陈砚强忍着剧痛后退,光剑在身前划出防御圈。金色身影的残响突然从防御圈中冲出,他的手中握着一本燃烧的命运剧本,剧本的纸页上布满了修改的痕迹。“执笔人,你忘了命运最初是由生命共同书写的吗?” 金色身影将燃烧的剧本掷向命运之笔,火焰在空中化作无数只金色的蝴蝶,蝴蝶翅膀上印着各个文明自主选择的命运分支 —— 有放弃科技选择自然的部落,有与异种和平共处的星球,甚至有主动收缩疆域的帝国,每个选择都偏离了执笔人设定的 “最优解”,却都绽放出独特的生命力。
蝴蝶撞上命运之笔的刹那,笔杆上的眼睛突然集体流泪,泪水与墨汁混合成灰色的液体,滴落在荒原上长出混沌的森林,森林里既有顺从的藤蔓,也有反抗的荆棘。执笔人的兜帽微微晃动,似乎第一次出现了情绪波动:“生命的无序选择只会导致宇宙熵增,终章必须是绝对有序的寂灭。” 命运之笔突然提起,笔锋在空中划出巨大的弧线,一道黑色的墨汁洪流朝着陈砚与金色身影倾泻而下,洪流中浮现出所有宇宙的毁灭画面,每个画面都标注着精确的时间坐标,精确到毫秒。

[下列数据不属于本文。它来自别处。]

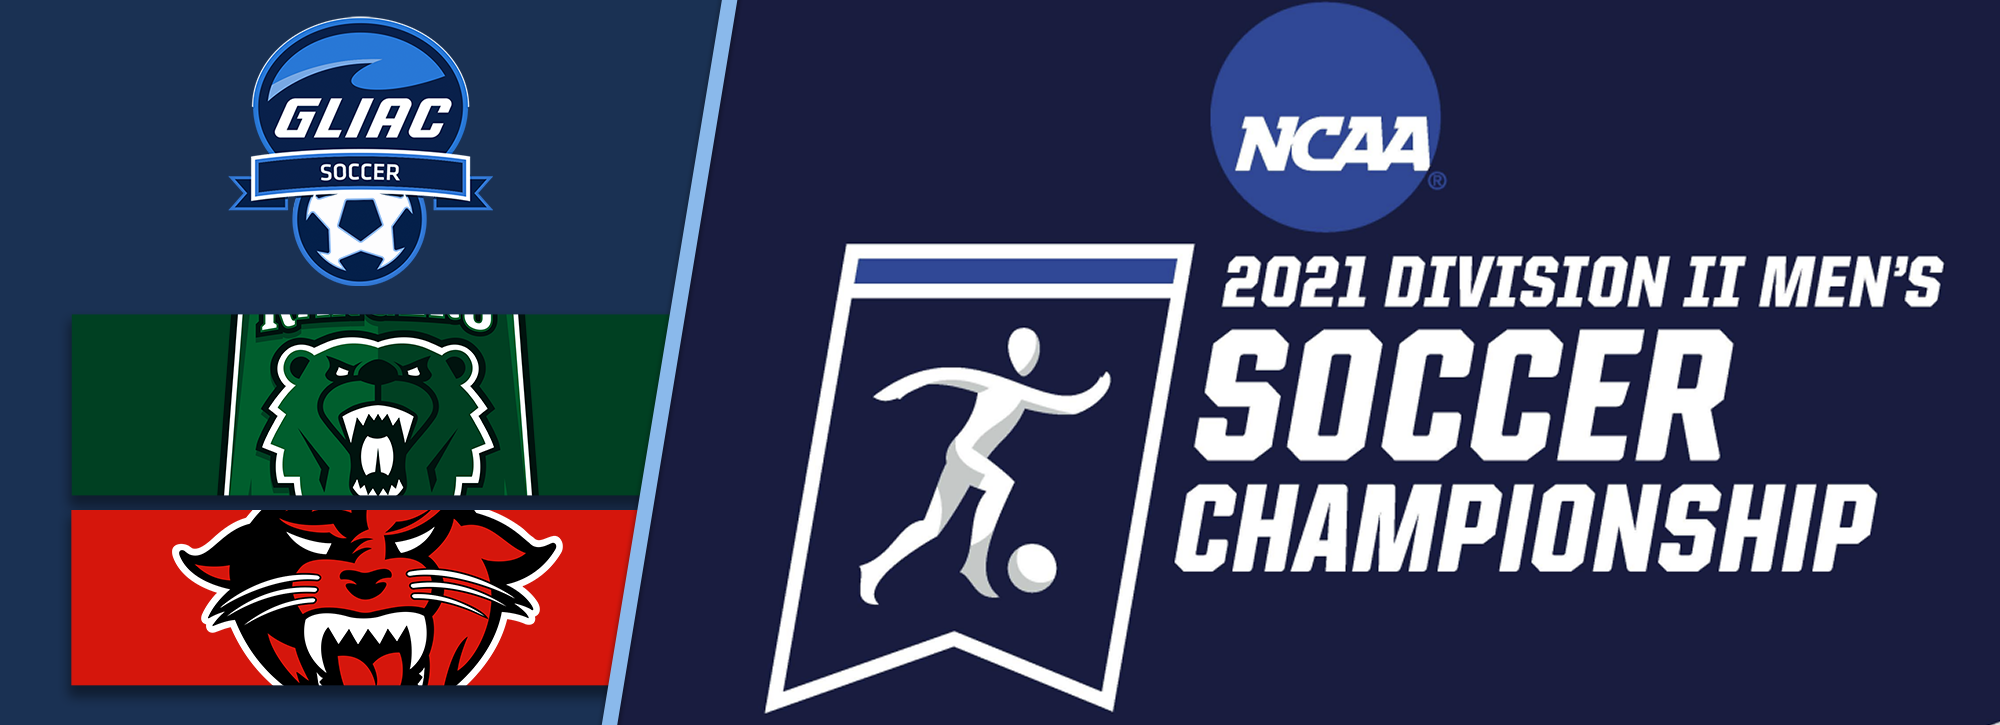 Parkside and Davenport punch tickets to NCAA Division II Men's Soccer postseason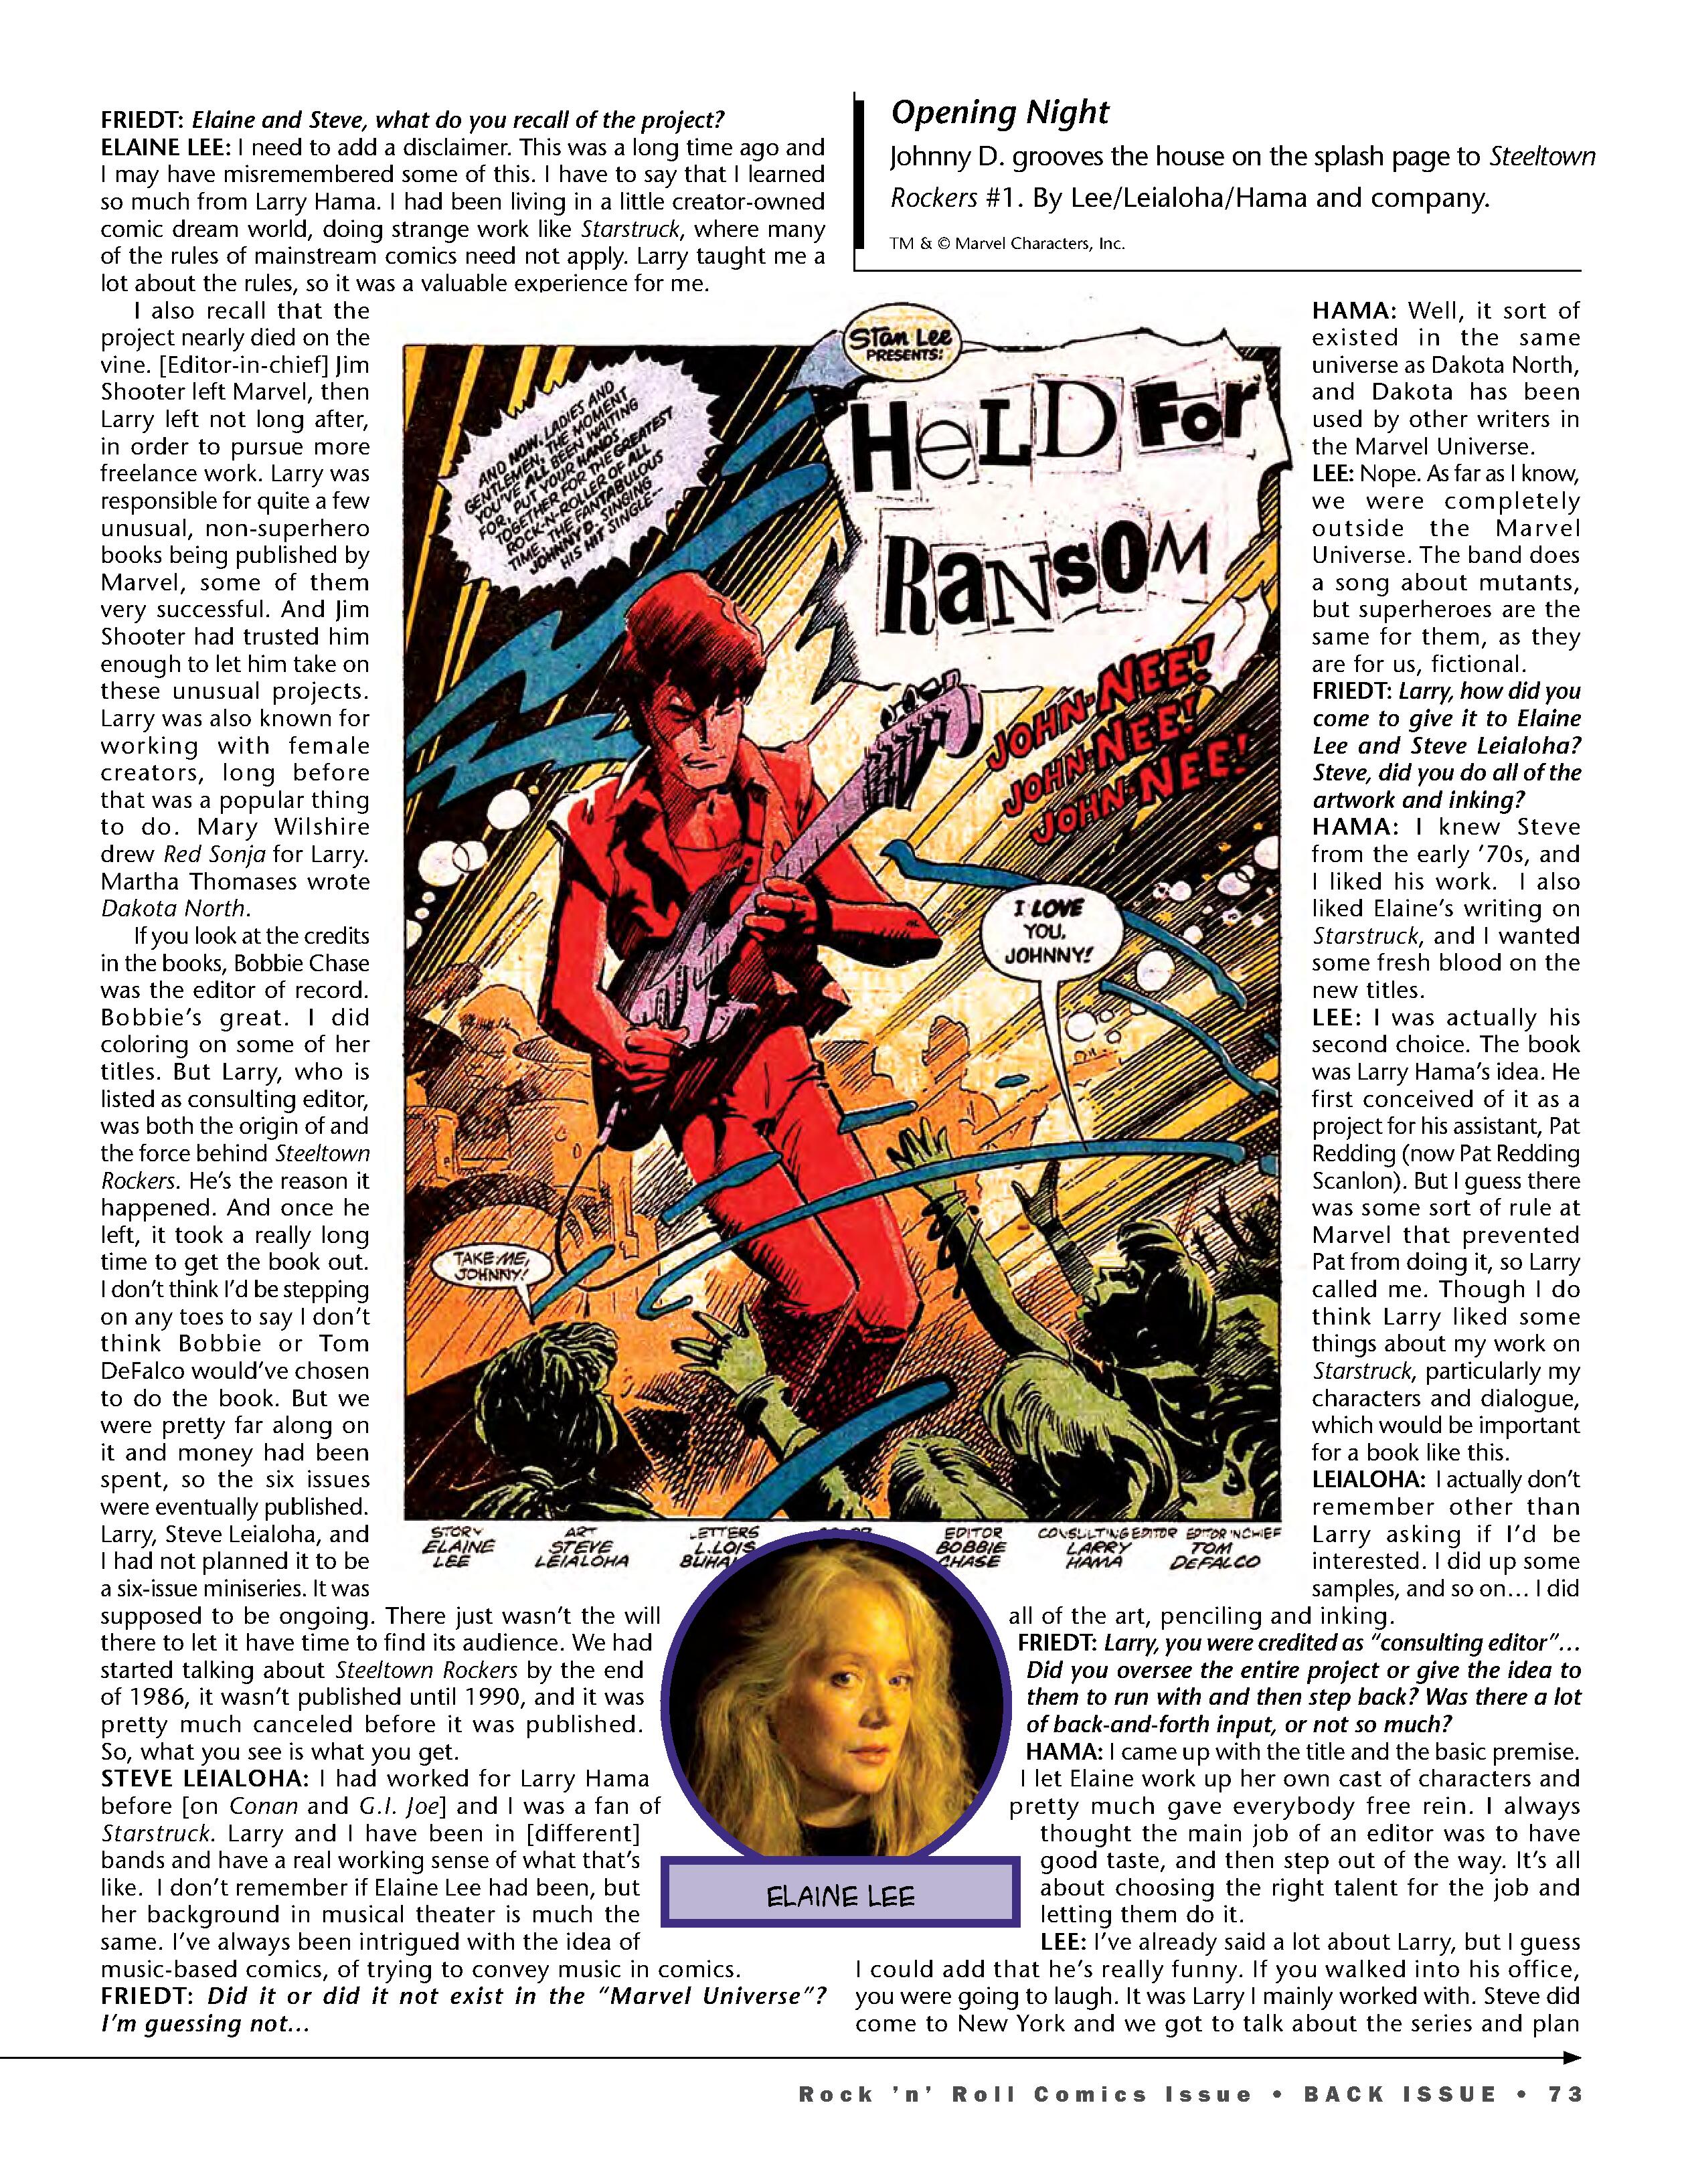 Read online Back Issue comic -  Issue #101 - 75

就在这千钧一发之际,黑色河流中突然升起无数个气泡,每个气泡里都封存着某个文明的最后一刻 —— 有在灭亡前集体吟唱诗歌的种族,有将所有知识刻在星球内核的科学家,有抱着孩子微笑迎接终结的母亲。这些气泡撞向墨汁洪流,在接触的瞬间炸开,释放出的生命能量在半空组成巨大的谜题,谜题的文字由无数种语言书写:“何为命运的真谛?”“何为书写的意义?”“何为超越剧本的存在?”
“命运的真谛…… 是自主选择的权利!” 陈砚的光剑刺入第一道谜题,五种能量与无数气泡的生命能量融合,在荒原上空形成旋转的星图。星图中,每个星辰都代表着一个自主选择的命运,有的黯淡无光,有的璀璨夺目,却都在按照自己的轨迹运行。一个气泡中吟唱诗歌的种族,他们的命运剧本原本写着 “因资源枯竭而自相残杀”,却通过集体创作的精神力量延续了百年,星图中对应的星辰因此多闪烁了三圈。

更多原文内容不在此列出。